How do you pick between duration, periods, and intervals?

As always, pick the simplest data structure that solves your problem.

• If you only care about physical time, use a duration;
• If you need to add human times, use a period;
• If you need to figure out how long a span is in human units, use an interval.

Durations

In R, when you subtract two dates, you get a difftime object:

# How old is Miel?
h_age <- today() - ymd("1982-04-27")
h_age

Time difference of 15689 days

Durations

A difftime class object records a time span of seconds, minutes, hours, days, or weeks.

This ambiguity can make difftimes a little painful to work with, so lubridate provides an alternative which always uses seconds: the duration.

as.duration(h_age)

[1] "1355529600s (~42.95 years)"

Durations

Durations come with a bunch of convenient constructors:

dseconds(15)

[1] "15s"

dminutes(10)

[1] "600s (~10 minutes)"

dhours(c(12, 24))

[1] "43200s (~12 hours)" "86400s (~1 days)"  

ddays(0:5)

[1] "0s"                "86400s (~1 days)"  "172800s (~2 days)"
[4] "259200s (~3 days)" "345600s (~4 days)" "432000s (~5 days)"

dweeks(3)

[1] "1814400s (~3 weeks)"

dyears(1)

[1] "31557600s (~1 years)"

Durations

• Durations always record the time span in seconds.

• Larger units are created by converting minutes, hours, days, weeks, and years to seconds: 60 seconds in a minute, 60 minutes in an hour, 24 hours in a day, and 7 days in a week.

• Larger time units are more problematic.

• A year uses the “average” number of days in a year, i.e. 365.25.

• There’s no way to convert a month to a duration, because there’s just too much variation.

Add and multiply durations

You can add and multiply durations:

2 * dyears(1)

[1] "63115200s (~2 years)"

dyears(1) + dweeks(12) + dhours(15)

[1] "38869200s (~1.23 years)"

Add and substract durations

You can add and subtract durations to and from days:

tomorrow <- today() + ddays(1)
tomorrow

[1] "2025-04-11"

last_year <- today() - dyears(1)
last_year

[1] "2024-04-09 18:00:00 UTC"

Whatch for unexpected results

However, because durations represent an exact number of seconds, sometimes you might get an unexpected result:

one_am <- ymd_hms("2026-03-08 01:00:00", tz = "America/New_York")

one_am

[1] "2026-03-08 01:00:00 EST"

one_am + ddays(1)

[1] "2026-03-09 02:00:00 EDT"

Why is one day after 1am March 8, 2am March 9? If you look carefully at the date you might also notice that the time zones have changed.
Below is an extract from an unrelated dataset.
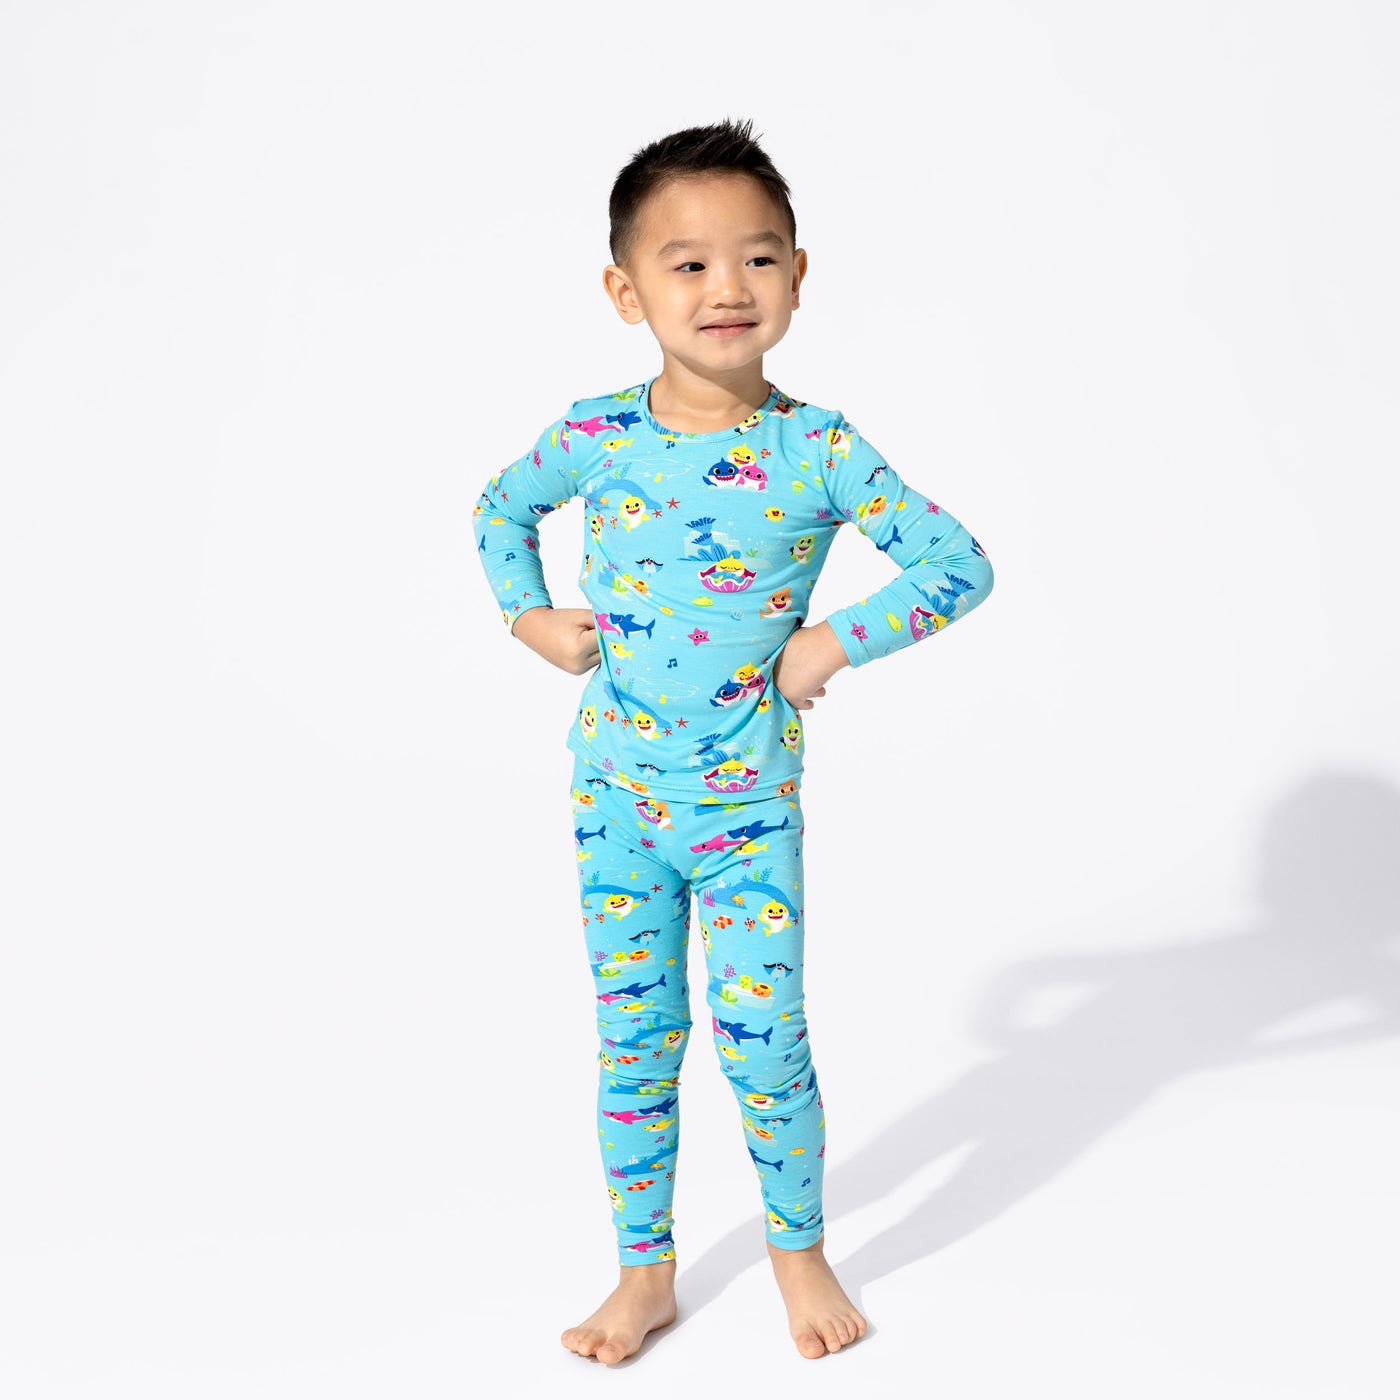 Baby Shark Bamboo Kids Pajamas

March 8 only has 23 hours because it’s when DST starts, so if we add a full days worth of seconds we end up with a different time.

Periods

Periods

Lubridate provides periods solve this problem.
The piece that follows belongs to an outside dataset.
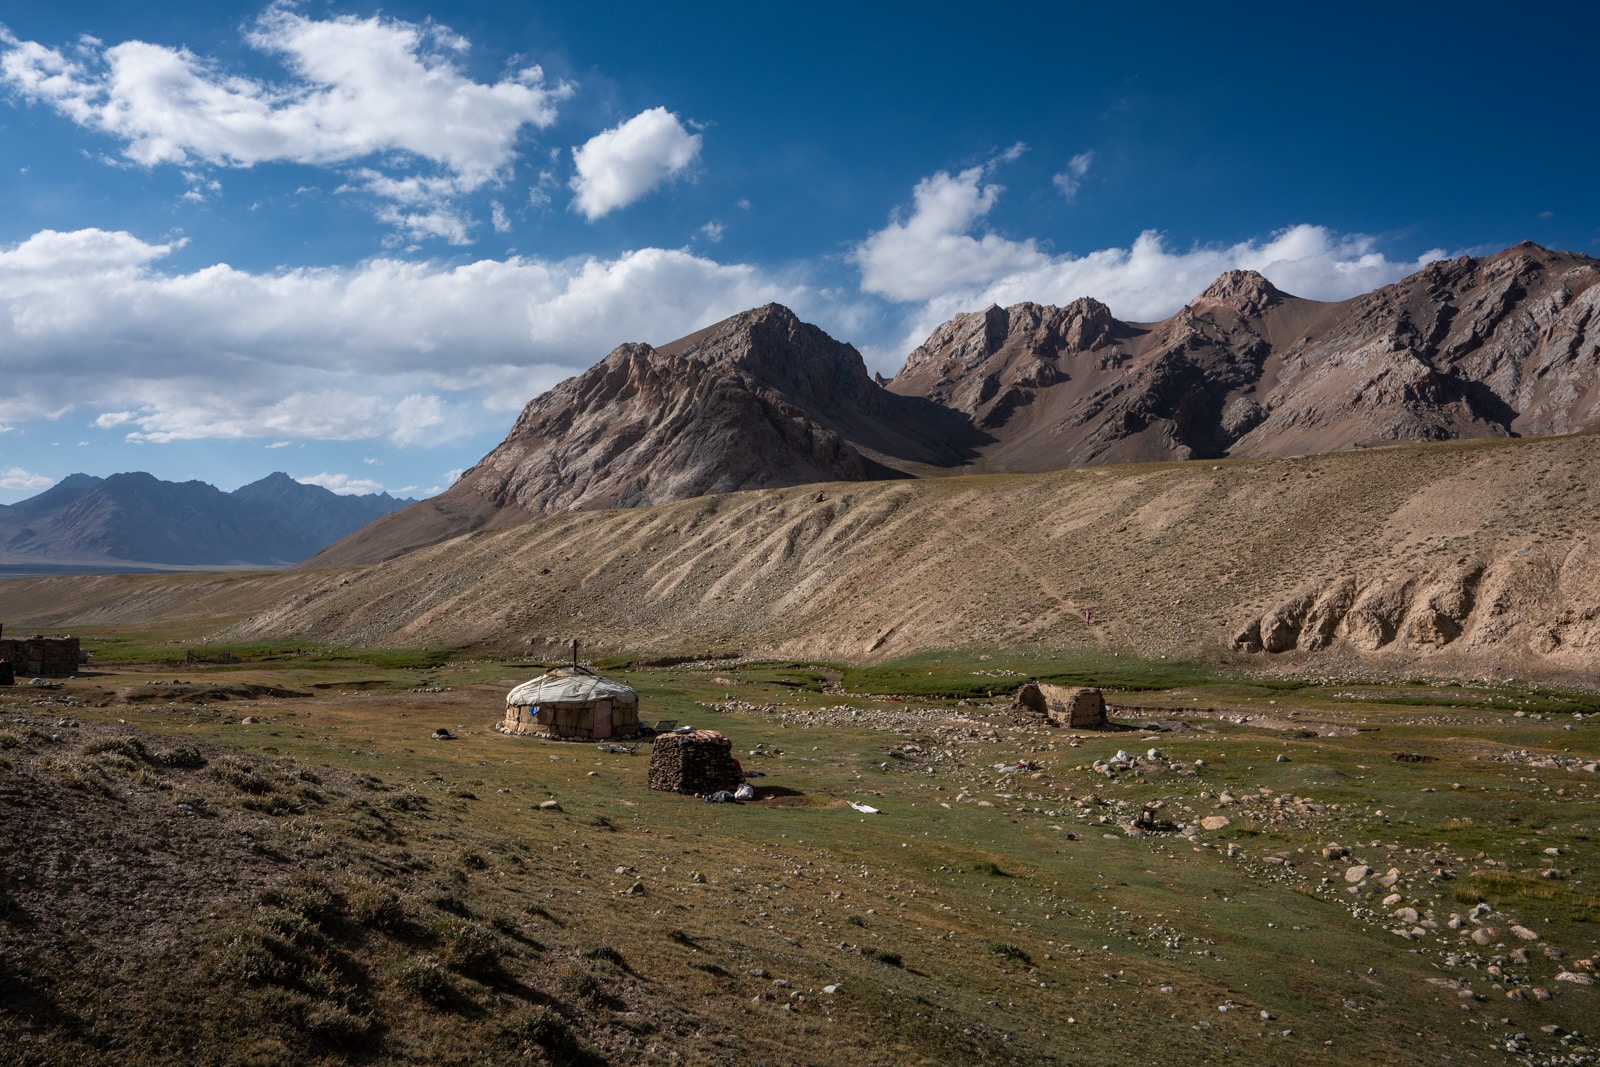 Kyrgyz yurts in Tajikistan

Periods are time spans but don’t have a fixed length in seconds, instead they work with “human” times, like days and months.

That allows them to work in a more intuitive way:

one_am

[1] "2026-03-08 01:00:00 EST"

one_am + days(1)

[1] "2026-03-09 01:00:00 EDT"

Periods

Like durations, periods can be created with a number of friendly constructor functions.

hours(c(12, 24))

[1] "12H 0M 0S" "24H 0M 0S"

days(7)

[1] "7d 0H 0M 0S"

months(1:6)

[1] "1m 0d 0H 0M 0S" "2m 0d 0H 0M 0S" "3m 0d 0H 0M 0S" "4m 0d 0H 0M 0S"
[5] "5m 0d 0H 0M 0S" "6m 0d 0H 0M 0S"

Periods

You can add and multiply periods:

10 * (months(6) + days(1))

[1] "60m 10d 0H 0M 0S"

days(50) + hours(25) + minutes(2)

[1] "50d 25H 2M 0S"

Periods

And of course, add them to dates. Compared to durations, periods are more likely to do what you expect:

# A leap year
ymd("2024-01-01") + dyears(1)

[1] "2024-12-31 06:00:00 UTC"

ymd("2024-01-01") + years(1)

[1] "2025-01-01"

# Daylight saving time
one_am + ddays(1)

[1] "2026-03-09 02:00:00 EDT"

one_am + days(1)

[1] "2026-03-09 01:00:00 EDT"

Time zones

Time zones

Time zones are an enormously complicated topic because of their interaction with geopolitical entities. Fortunately we don’t need to dig into all the details as they’re not all important for data analysis, but there are a few challenges we’ll need to tackle head on.